Fast Cuts and Snapshots

Fast Cuts and Snapshots

Oran Mor, Glasgow

Mary Brennan

For the guys who frequent the run-down barber's shop - realised on-stage in a nicely dingy set by Lizzie Watts for this Fuel/Oran Mor/NTS partnership - it's not really about haircuts. Most of them don't need clippers to shape up the precision fuzz on their pates. What they need is a place to hang out, relax and chew the fat about football, women, and what it means to be a black man out of Africa.

And there, amid the joshing and disputations that enliven these sparky little 'snapshots', lies the heart, and the heartache of Inua Ellams' play. For as the talk turns to the politics of home - with home being, variously, Zimbabwe or Nigeria or Ghana - what emerges is the bitter-sweet lot of the expat, and the legacy of displacement that carries over into subsequent generations who have no time for distant traditions.

Morsels of personal stories are woven into the short scenes, but these are frequently used by Ellams as a springboard into issues of racism, sexism and finding yourself as a man despite, and sometimes because, of your colour.

This conversational mosaic is activated by an exceptional cast of six - some of them playing three or four characters - with just enough rising tension to give truthful bite to the mood of laid-back geniality.

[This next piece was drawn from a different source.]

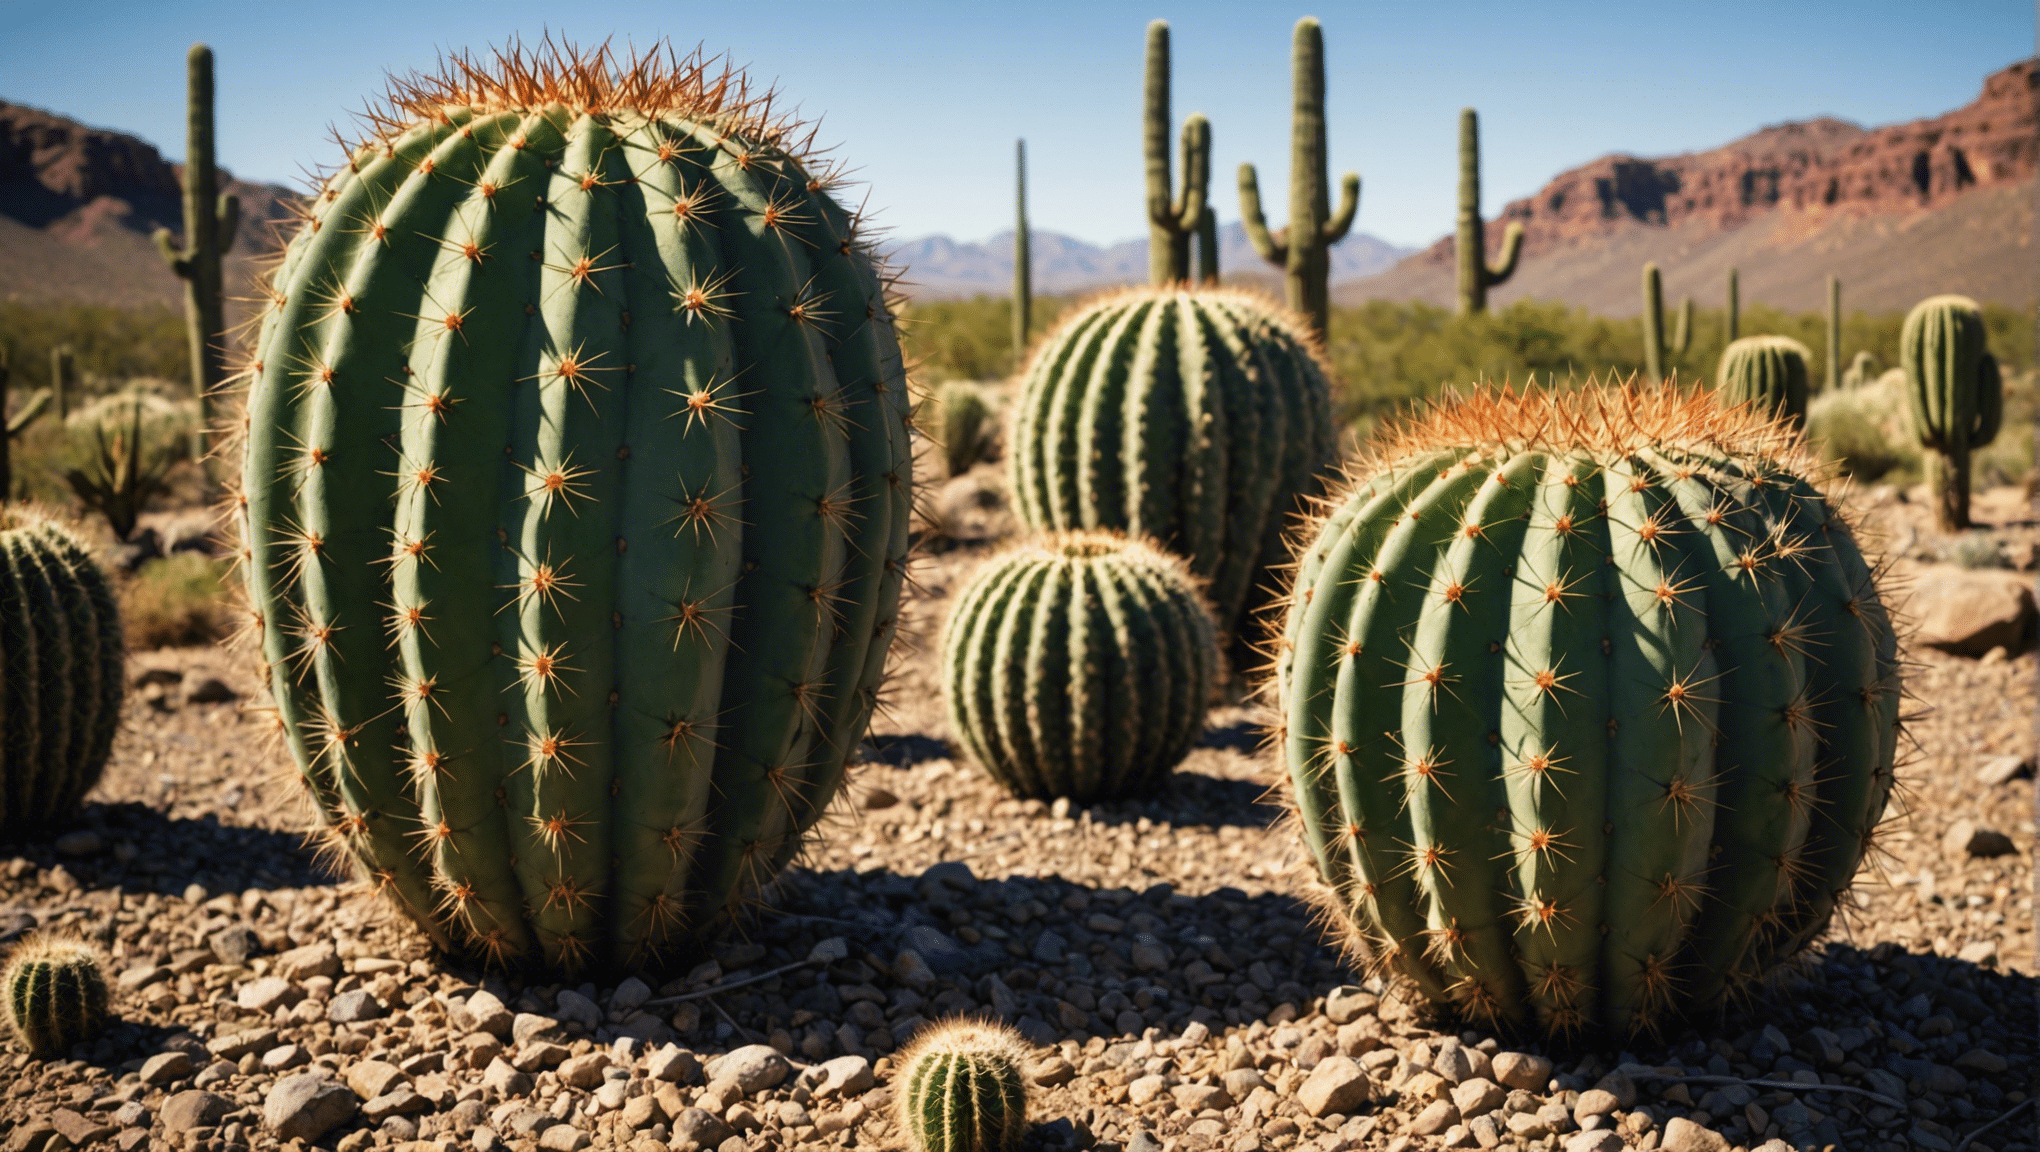 découvrez pourquoi les cactus sont si résistants dans des conditions extrêmes et comment ils surviennent dans des environnements hostiles.

The clash of views over the 'n' word - who is 'allowed' to use it, in what context and with what intention - is just one of the raw nerves touched on here, the after-effects of how the West shaped Africa's history, its future and its diaspora is another. Strong meat, for sure, but Ellams makes it the stuff of everyday human concerns, and the basis for a mettlesome lunch-time drama.